Support for voluntary and independent groups. A policy which, while apparently well intentioned, appears to be as detailed and thought through as Boris Johnson’s Human resources strategy. It’s not clear exactly what these voluntary  groups will be allowed to do which they can’t do now, nor what support they will recieve from the state to do it.

The ability to open new schools by anyone. Which, along side a pupil premium to stop schools merely poaching middle class pupils, might, might lead to an improvement in school standards, given enough money. But wouldn’t do so if we followed the conservative policy, which is to pay for it via a massive reduction in spending on new schools buidlings and ignore the dead weight cost of designing in over-capacity in the schools system.

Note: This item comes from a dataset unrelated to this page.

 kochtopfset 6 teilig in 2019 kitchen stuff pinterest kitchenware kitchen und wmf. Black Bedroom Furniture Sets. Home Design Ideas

All of which would in the end lead to under resourced schools in poorer areas.

None of these policy commitment, (except perhaps, on a good day, differently funded, designed and implemented, the free schools policy) are likely to do anything positive on income inequality.

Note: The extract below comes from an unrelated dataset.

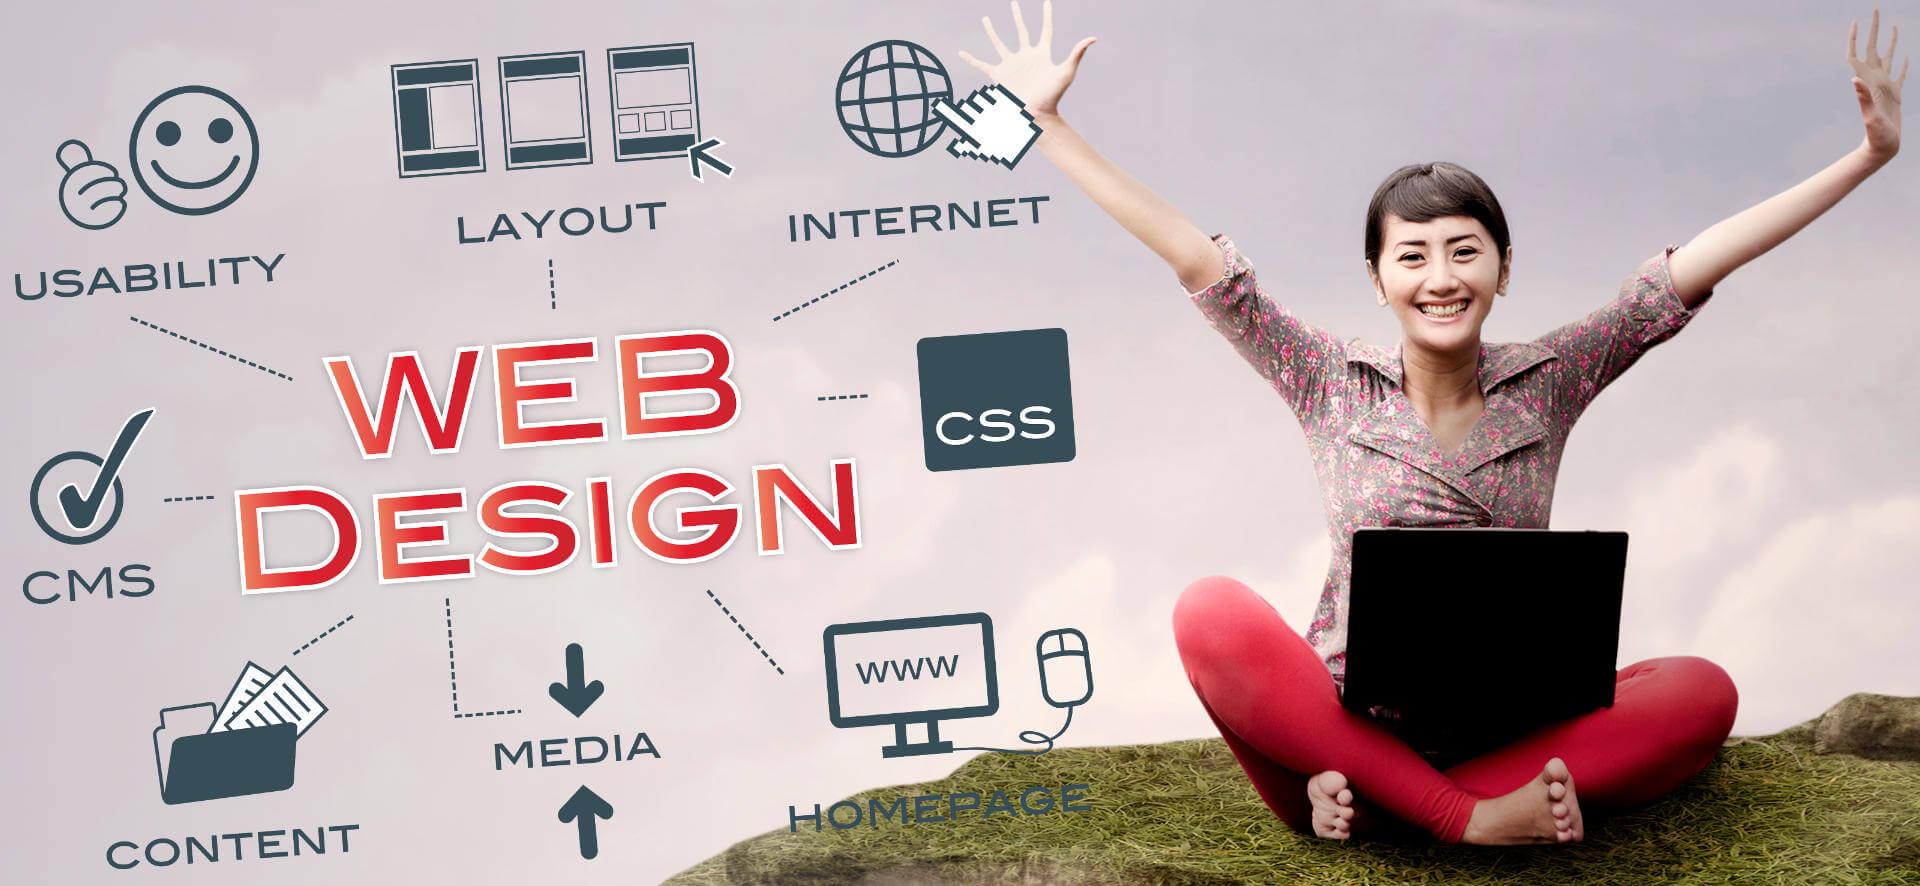 Miami web company

In fact the most direct changes to the tax system, would make inequality signifiantly worse.

So we have a situation where the problem of “unfairness” Osborne outlines cannot possibly be met by the policy measures set out by the Conservatives.

Osborne squares this circle by redefining “fairness”.

To hime therefore, Fairness itself is simply ensuring  “people are rewarded for their effort and ability” while ensuring equality of oppotunity. This allows Osborne to claim to be “fair” while setting out policy proposals that would in fact increase inequality.

He wants “fairer” taxes, by which he means lower taxes for property owners and millionaires.

He wants “fairer” fiscal rules, by which he means cutting the spending that helps the neediest most.

He wants “fairer” social policy, by which he means giving tax breaks to working married couples.

So for George, being fair means whatever he needs it to mean.

*This outcome also has a little noticed statistical impact. We calculate poverty by working out median income and looking for the numbers under 60% of that figure. The median income is that of the middle point of population, not the “average income”  in order to ensure that changes in the icomes of the super wealthy don’t impact the base on which poverty is judged.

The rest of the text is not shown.